Kane is unconcerned with common morality, since no human relationship can ever last more than a small fraction of his lifetime (although the daughter he fathers in "Raven's Eyrie" appears as an adult in the modern-day "At First Just Ghostly"), and he frequently ends up on the wrong side in the conflicts, often to his own detriment. A common theme is the hero's weariness with his own immortality and his attempts to end meaning to his existence.

Kane and Conan the Barbarian, the warrior character created in the 1930s by American author Robert E. Howard, are both wandering warriors in quasi-feudal worlds. Kane, however, is a more devious character with a more somber and reflective outlook on life than Conan. Kane also has none of Conan's dislike of sorcery. His creator described Kane as "not a sword and sorcery hero; he is a gothic hero-villain from the tradition of the Gothic novels of the 18th and early 19th centuries" and as a character "who could master any situation intellectually, or rip heads off if push came to shove".

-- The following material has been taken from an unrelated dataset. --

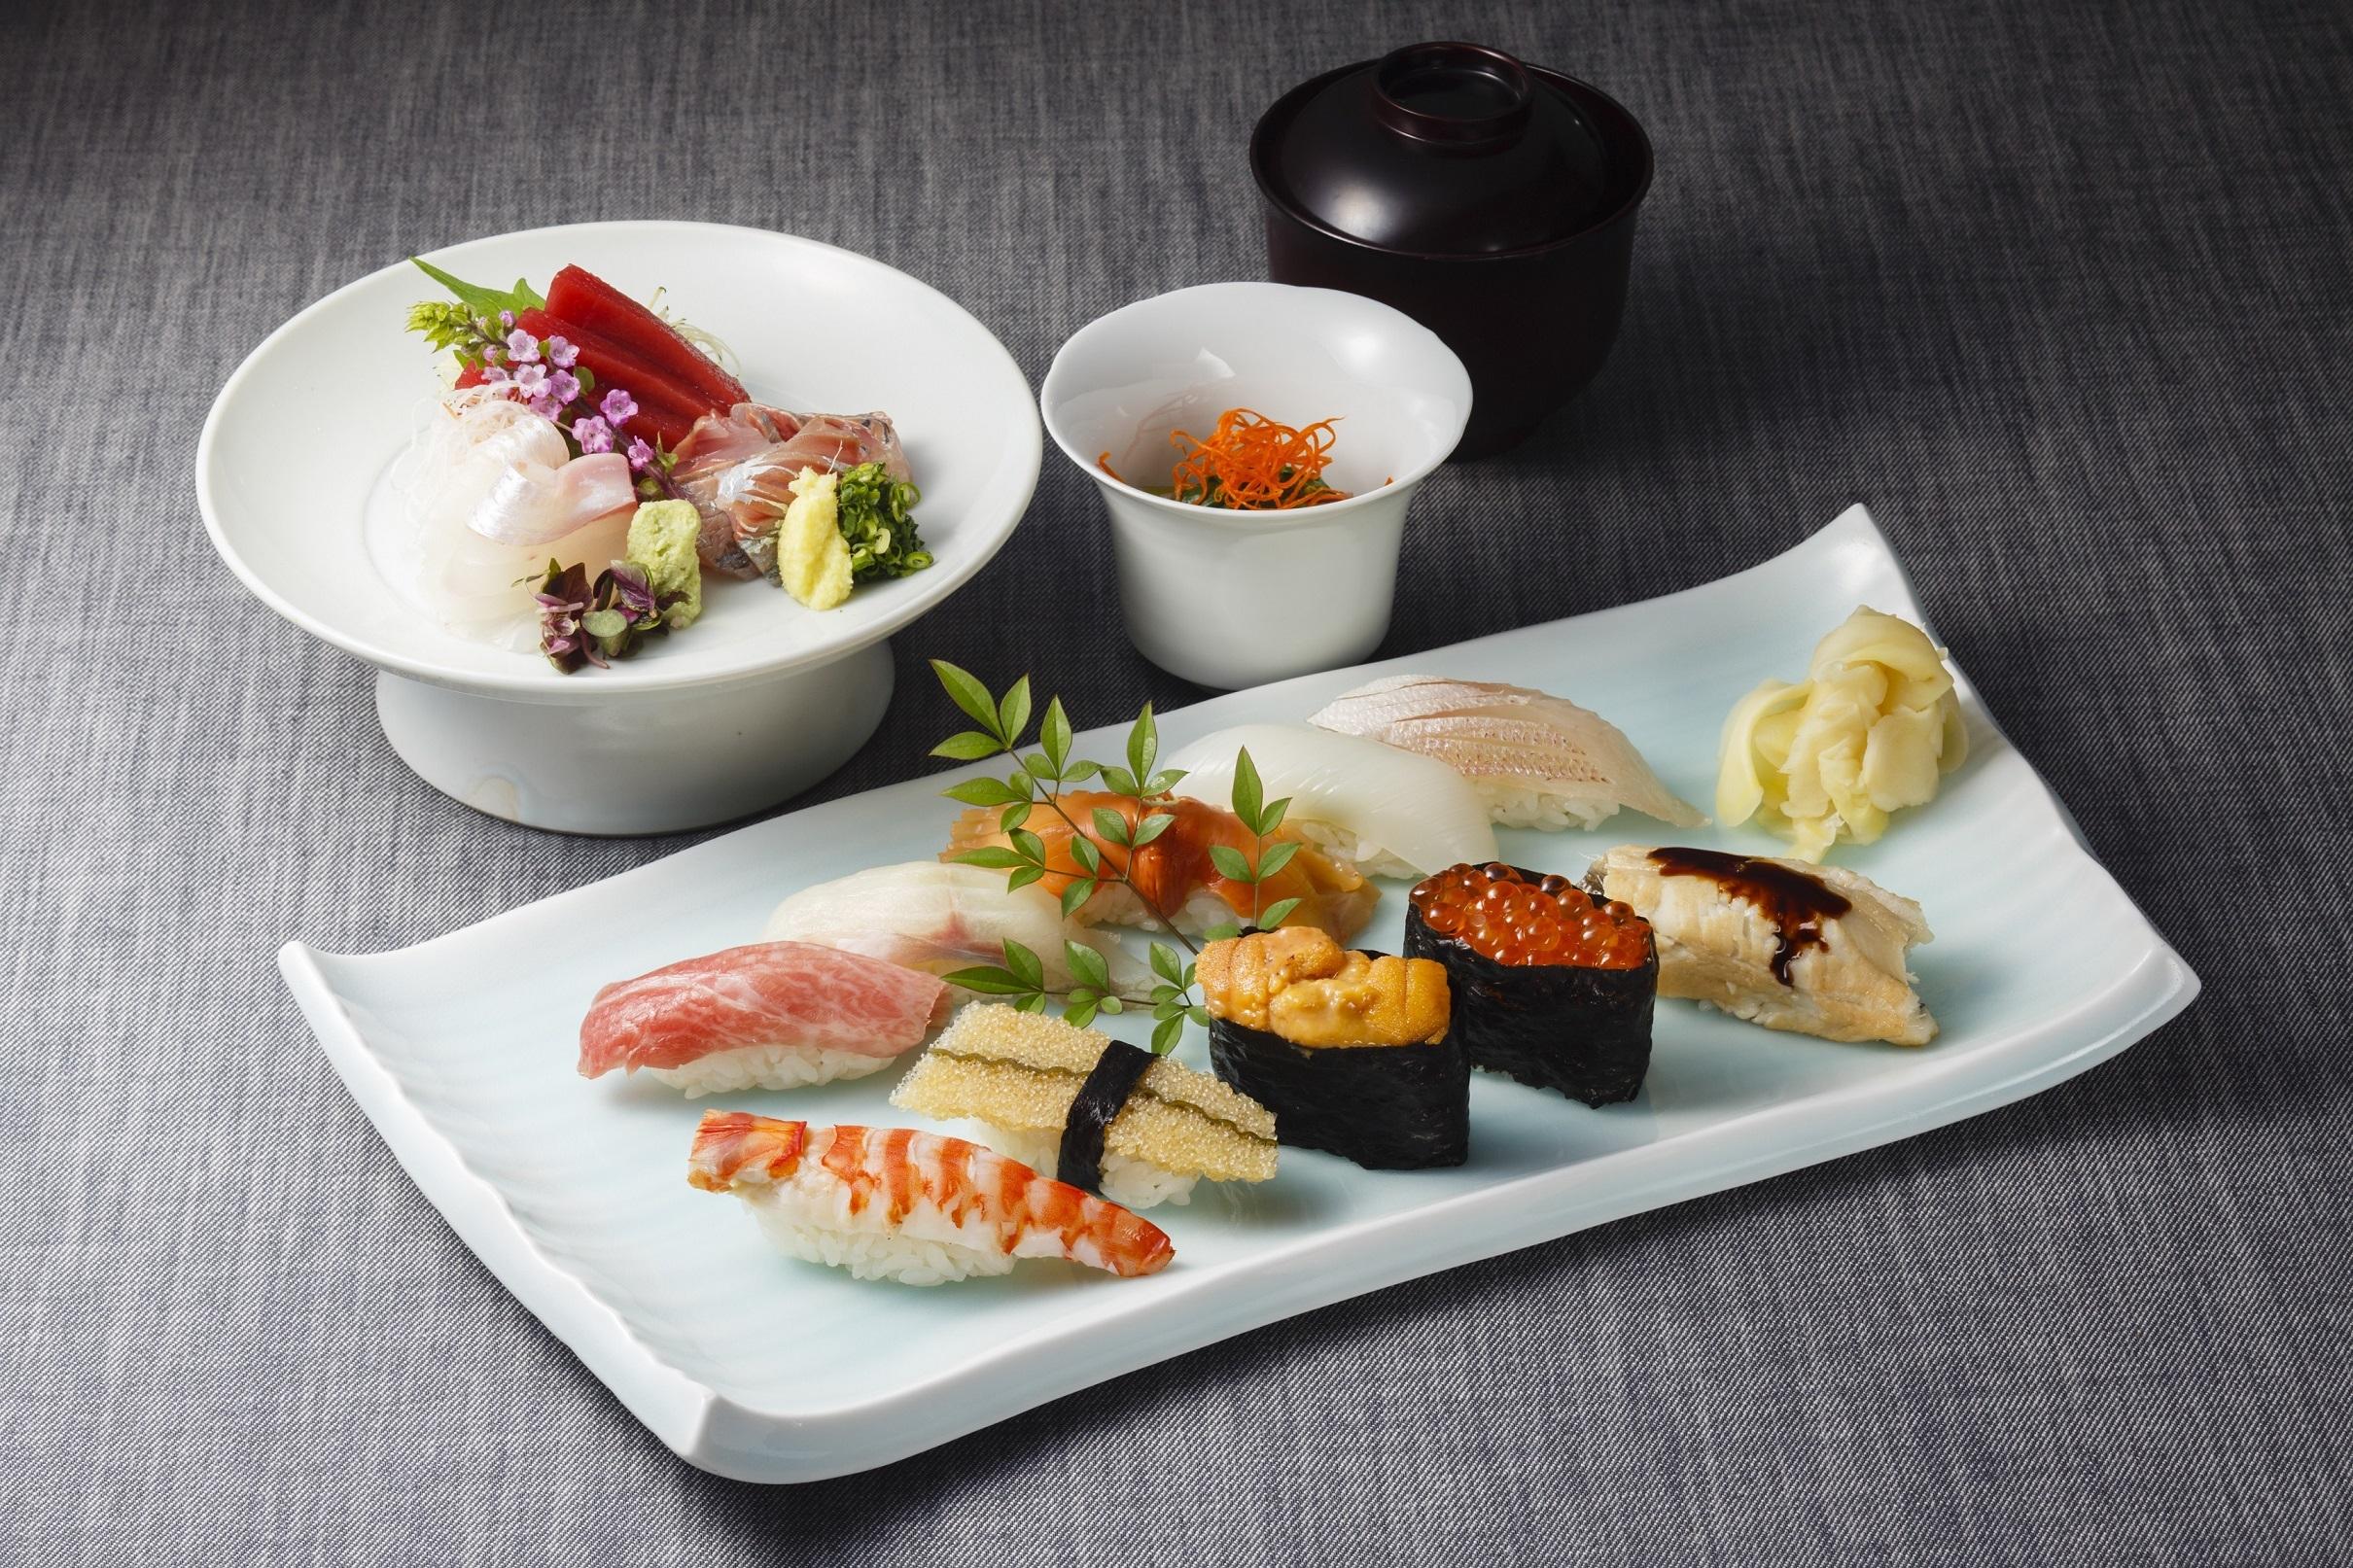 水簾のランチの寿司

Some commentators argue that the fantasy protagonist that Kane has most in common with is Michael Moorcock's Elric of Melniboné, but Wagner was also inspired by novels such as Charles Maturin's Melmoth the Wanderer (1820) and E. R. Eddison's The Worm Ouroboros (1922).

==Works==
===Novels===
- Bloodstone (1975): In the treasure captured during a savage raid, Kane discovers a powerful relic.
- Dark Crusade (1976): Kane encounters an ancient cult of evil, and its power-hungry leader.
- Darkness Weaves (1978) (editorially altered abridgement published in 1970 as "Darkness Weaves With Many Shades"): The mad sorceress Efrel seeks war and revenge upon her erstwhile husband, king Netisten Maril, and enlists Kane as her general in command of an army of mercenaries and monsters.

===Story collections===
- Death Angel's Shadow (1973)
  - "Reflections for the Winter of My Soul": Kane encounters a shapeshifting enemy who knows him (sequel to Dark Crusade).
  - "Cold Light": A knight forms a band of crusaders and mercenaries, in a quest to find and kill Kane.
  - "Mirage": Kane meets another immortal and discovers that death isn't the answer to his problems.
- Night Winds (1978)
  - "Undertow": A mistress of Kane seeks to escape from him with the aid of a young barbarian.
  - "Two Suns Setting": In a stony desert, Kane encounters the last of an elder race.
  - "The Dark Muse": Kane's poet friend takes inspiration from a journey into chaos.
  - "Raven's Eyrie": A previous victim of Kane plans to send his soul to hell.
  - "Lynortis Reprise": The survivors of a bloody siege meet a betrayer.
  - "Sing a Last Song of Valdese": A mutilated wizard takes his revenge.
- The Book of Kane (1985)
  - "Reflections for the Winter of My Soul"
  - "Sing a Last Song of Valdese"
  - "Raven's Eyrie"
  - "Misericorde": Kane enters the keep of the cruel Vareishei clan.
  - "The Other One": The gods are sometimes merciful, while Kane is less so.

===Other tales===
Kane also appears in "Lacunae", collected in Why Not You and I? (1987), and in "At First Just Ghostly", "Deep in the Depths of the Acme Warehouse", and "The Gothic Touch" (which features Michael Moorcock's Elric of Melniboné), collected in Exorcisms and Ecstasies (1997). This volume also includes the fragment "In the Wake of the Night" and an early version of "Lynortis Reprise".

===Reprint collections===
Night Shade Books reprinted the complete novels and stories in two volumes, as follows:
- Gods in Darkness: The Complete Novels of Kane (2002)
  - Bloodstone
  - Dark Crusade
  - Darkness Weaves
- Midnight Sun: The Complete Stories of Kane (2003)
  - "Death Angel's Shadow" (poem)
  - "Undertow"
  - "Two Suns Setting"
  - "The Dark Muse"
  - "Sing a Last Song of Valdese"
  - "Misericorde"
  - "Lynortis Reprise"
  - "Raven's Eyrie"
  - "Reflections for the Winter of My Soul"
  - "Cold Light"
  - "Mirage"
  - "The Other One"
  - "The Gothic Touch"
  - "Midnight Sun" (poem)
  - "Lacunae"
  - "Deep in the Depths of the Acme Warehouse"
  - "At First Just Ghostly"
  - "The Treasure of Lynortis" (early version of "Lynortis Reprise")
  - "In the Wake of the Night" (fragment of uncompleted fourth Kane novel)
  - "The Once and Future Kane" (non-fiction essay)

All of the Kane novels and both short story collections were reissued as a five volume limited edition set (each volume illustrated & signed by different artists, as well as unsigned) by Centipede Press in December 2015.